Acacia trees are nutritious and contain high values of protein, ranging between 5% and 14% in young shoots and 21% in fruits (table 4). Carlisle and Ghorbial (1968) noticed that pods and leaves of Acacia possess sufficient nutrition to satisfy all the water and food requirements for the Dorcas gazelle in Sudan. The protein content shows high variability according to the season. It is higher in the wet season and low in the dry season. In December 1994 (after the rain of November 1994) the protein content of forage (CP about 10% in A. raddiana and 12% in A. ehrenbergiana) was higher than in dry December 1995 (6% and 5% for A. raddiana and A. ehrenbergiana respectively) when the rains failed for the year. Accordingly, the dry matter and organic matter digestibility (DMD and OMD) decreased in dry season (December 1995) in both Acacia species. Tamarix nilotica.

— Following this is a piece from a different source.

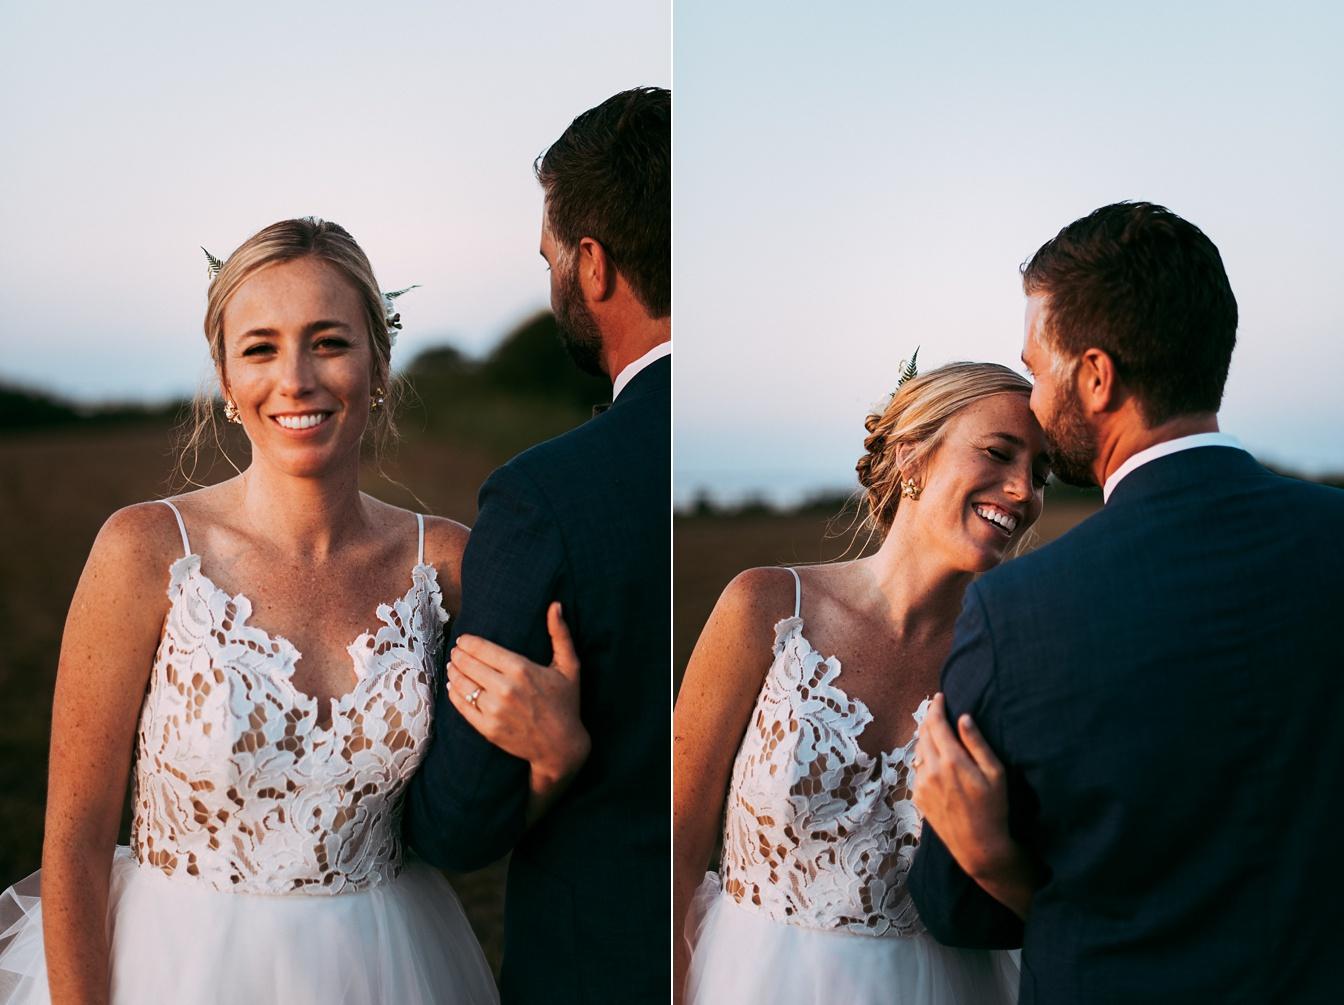 Eliza_Ben_Wedding_The_Foxes_Photography_541.jpg

Tamarix nilotica, known locally as "Aabal", is the dominant plant in the downstream flooded part of Wadi Allaqi where it grows in extensive monospecific stands. It is a multiform species, varying in size from three to eight metres height, to small shrubs, with very small scale-leaves and white or pink flowers. Its foliage is green or greyish, which sometimes is covered with salt crystals. Tamarix grows in dense thickets that can be impenetrable, which results in only its perimeter being used, particularly browsed by animals, and hence overused, while the interior remains under-utilized. This plant is specially adapted to dramatic fluctuations in water availability. In times of abundant water (flood or inundation) it becomes a water spender, losing water at a high rate. In very dry conditions, Tamarix nilotica reverses its strategy and becomes a water saver (Springuel, 1996).

Tamarix nilotica is a fodder plant but until recently was considered by the Bedouin inferior for this purpose. Nevertheless Tamarix is considered at its best as a grazing source when it is young and particularly when it is still under water as its leaves, twigs, and shoots are less salty at this time. Though grazing on very wet foliage presents another problem as the animals fill their stomachs with water and do not eat enough solid food.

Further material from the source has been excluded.